-- What you will do --
Reproduce the data that follows character for character, but omit its pictures.

-- Exercise data --
+++++
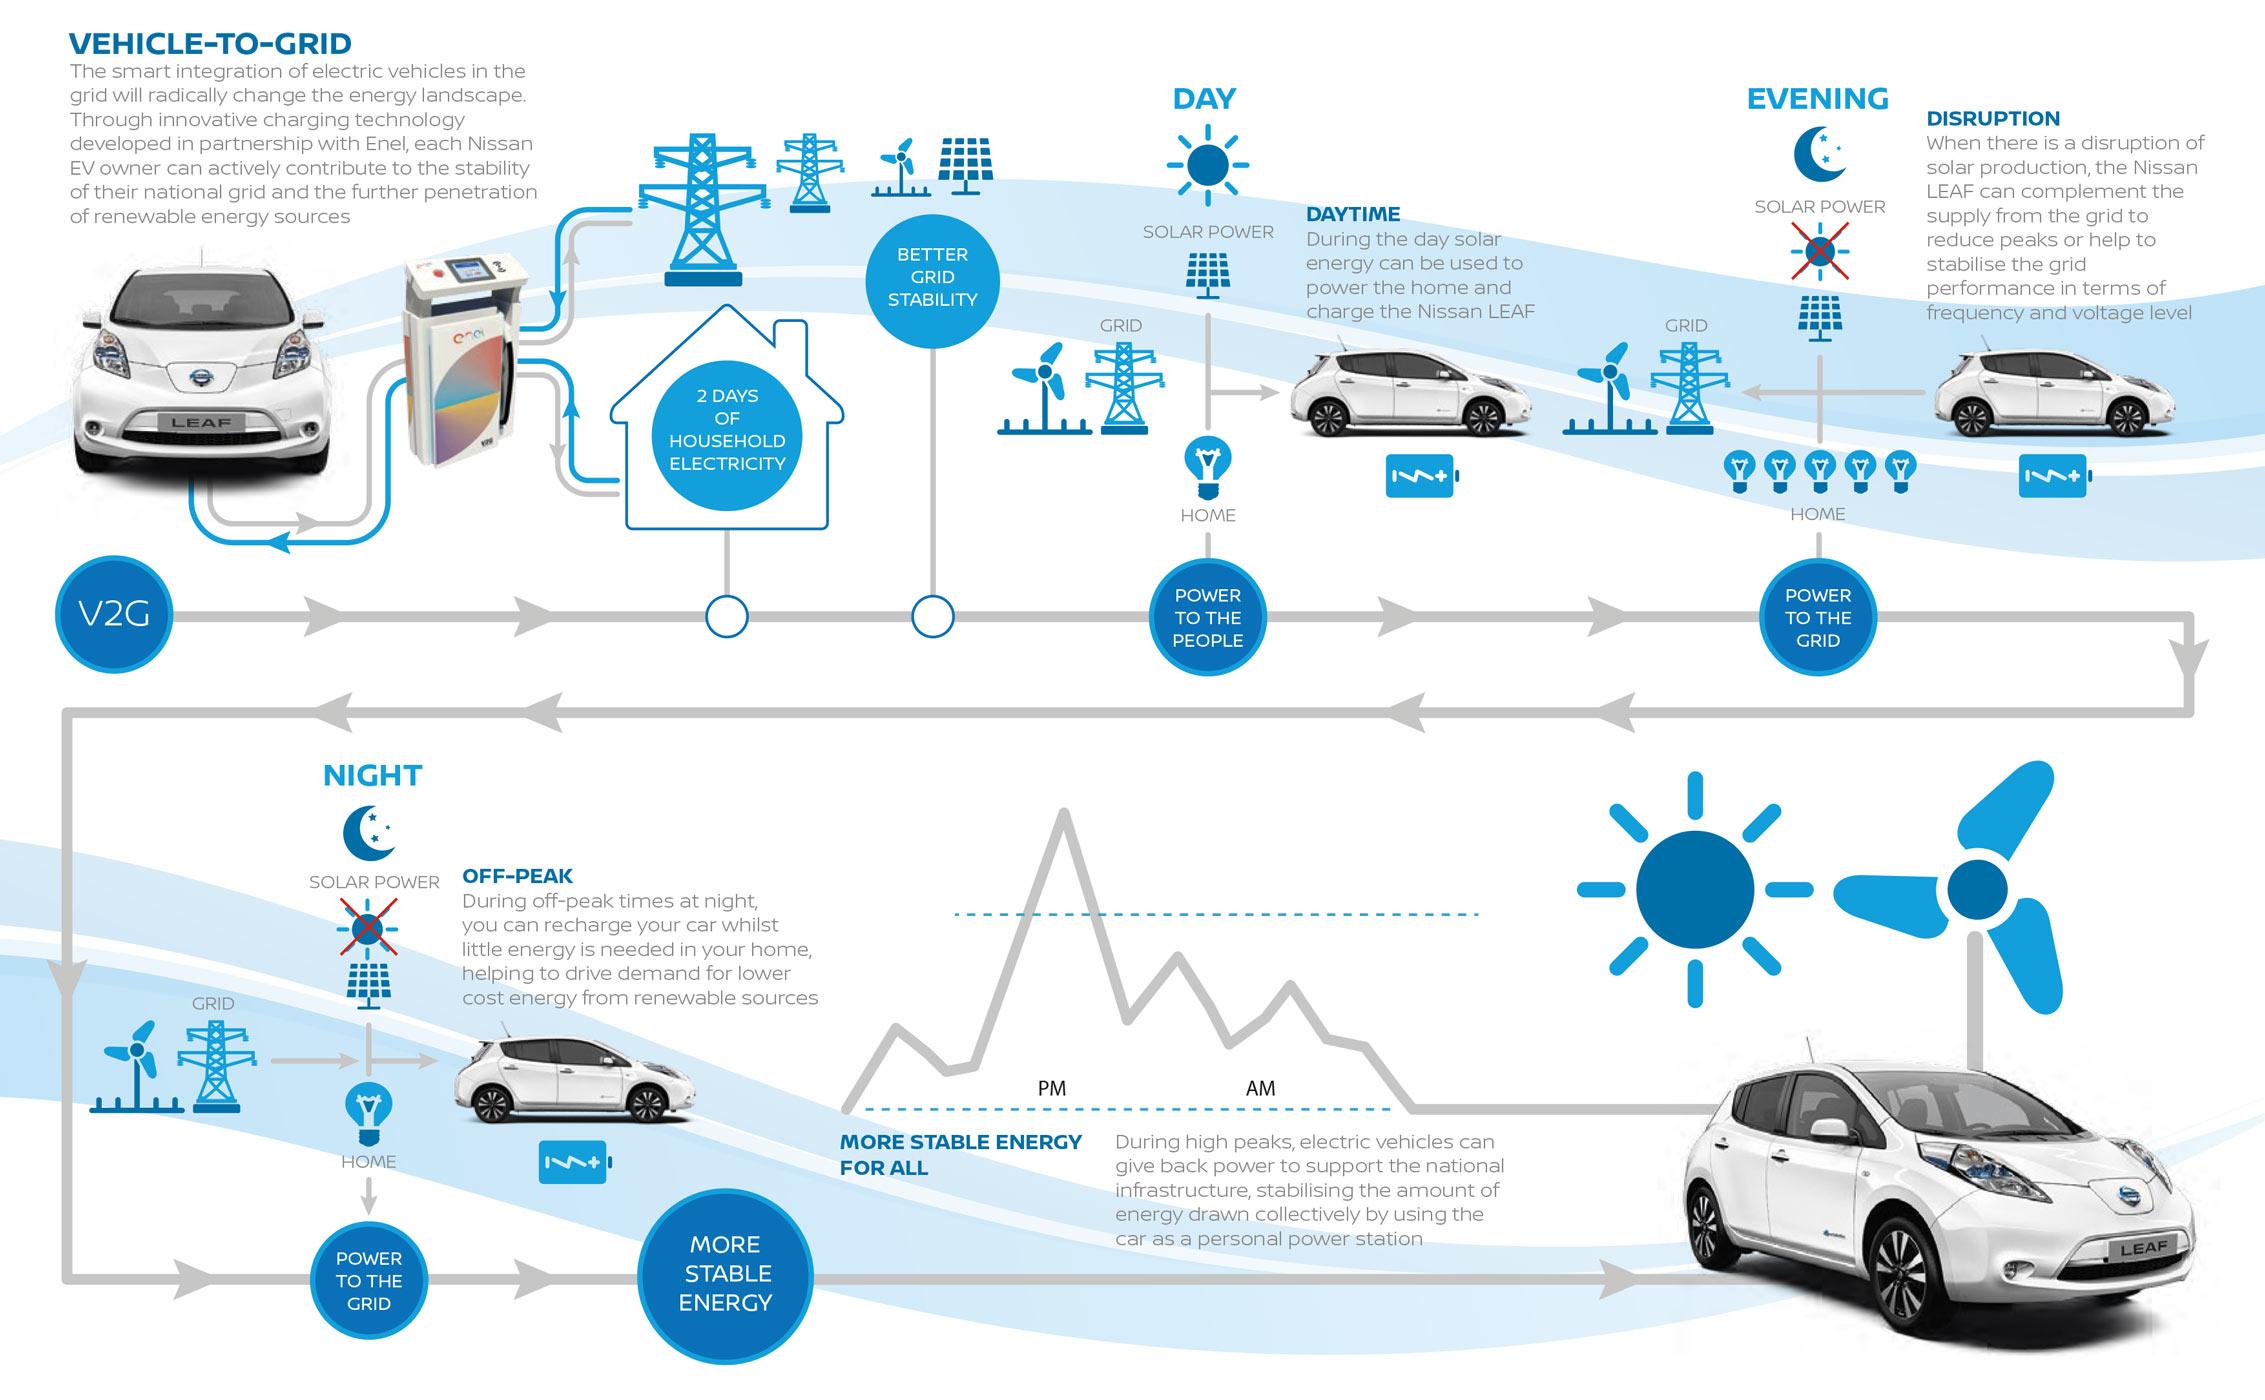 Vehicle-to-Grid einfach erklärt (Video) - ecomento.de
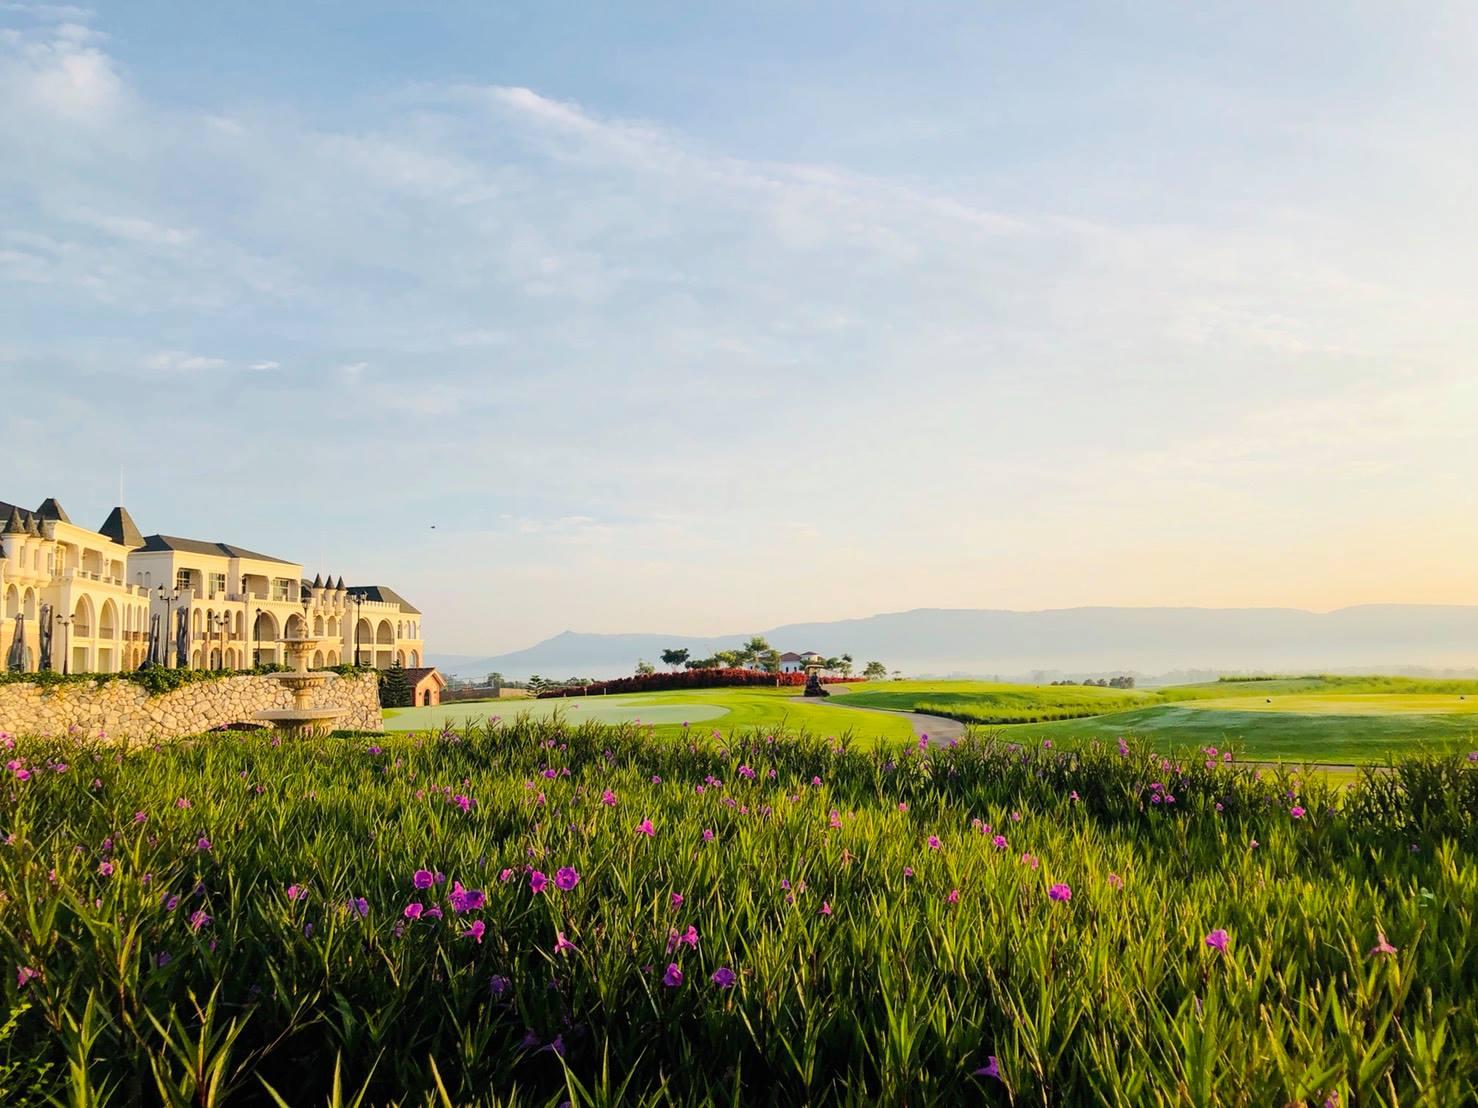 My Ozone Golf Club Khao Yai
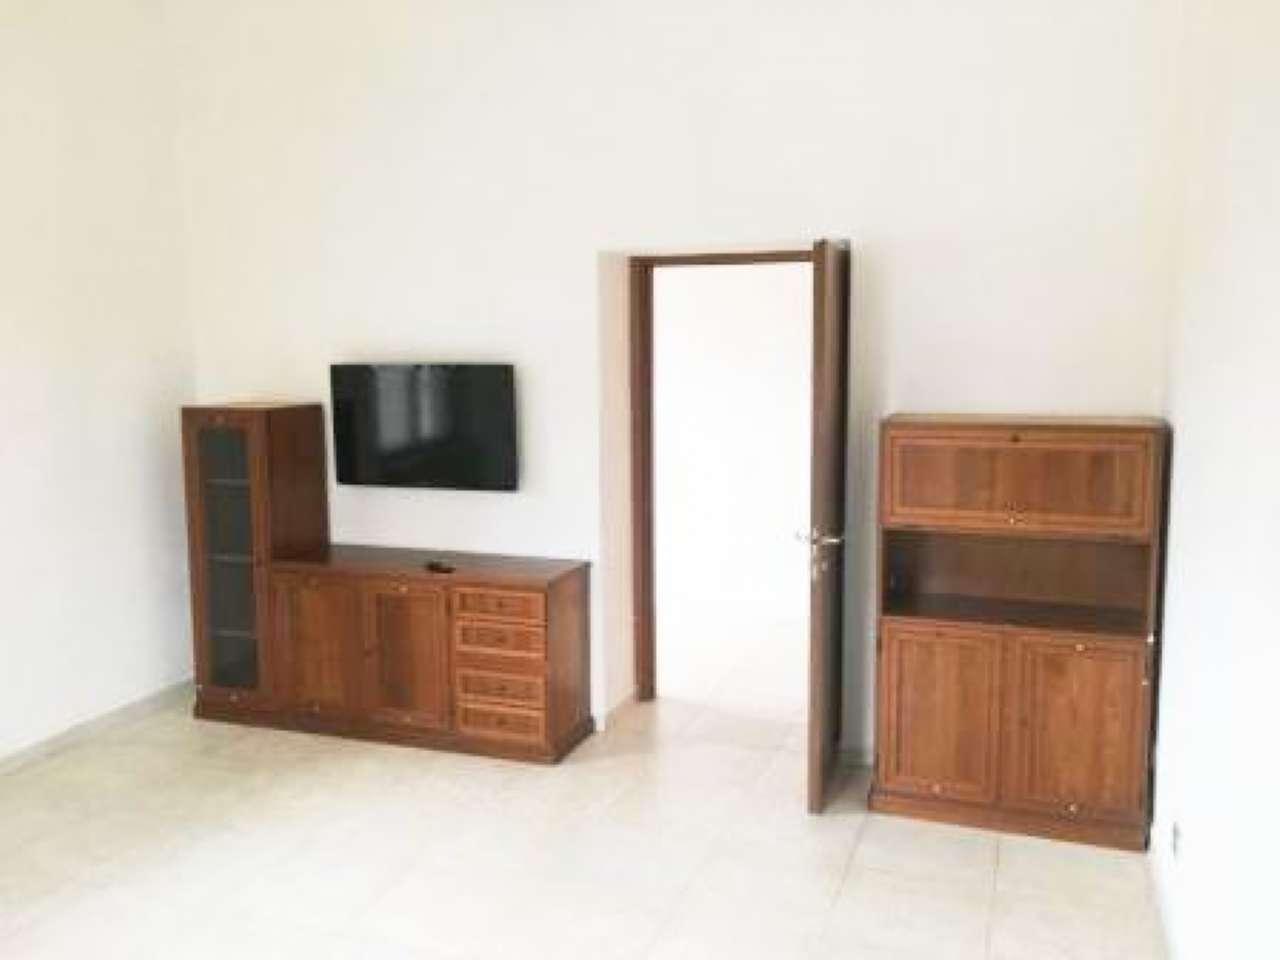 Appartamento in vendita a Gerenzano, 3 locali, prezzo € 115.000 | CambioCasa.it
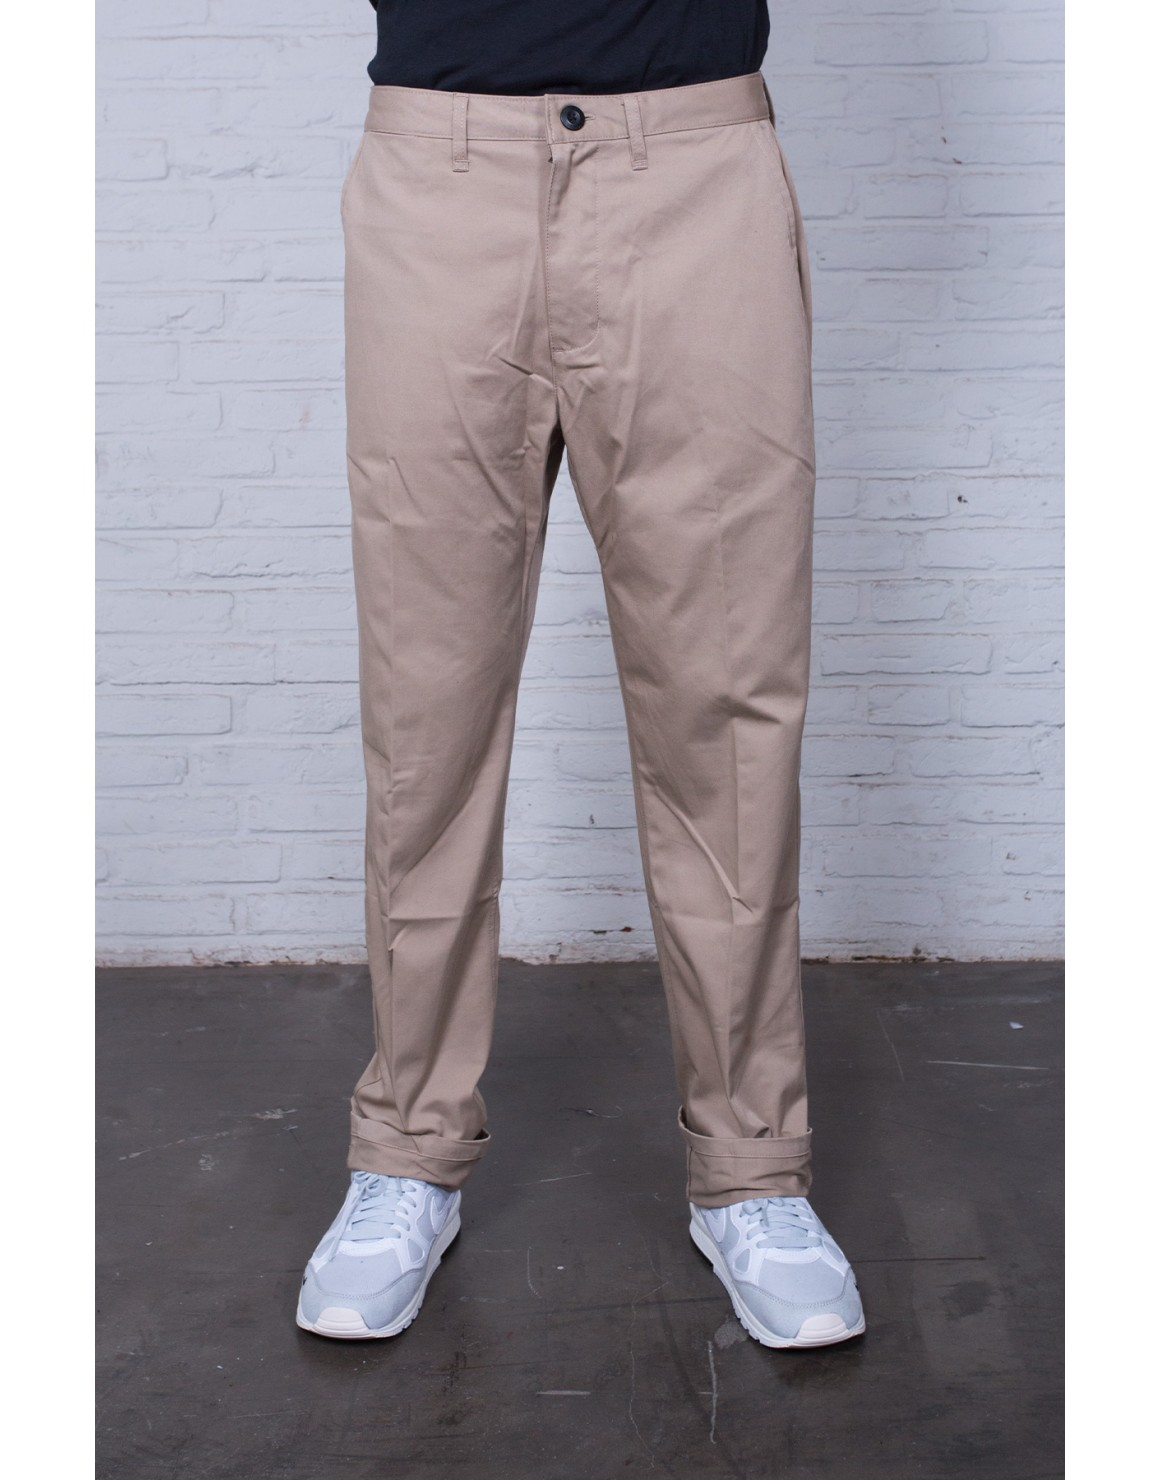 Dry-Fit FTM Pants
+++++
-- Result --
 Vehicle-to-Grid einfach erklärt (Video) - ecomento.de
 My Ozone Golf Club Khao Yai
 Appartamento in vendita a Gerenzano, 3 locali, prezzo € 115.000 | CambioCasa.it
 Dry-Fit FTM Pants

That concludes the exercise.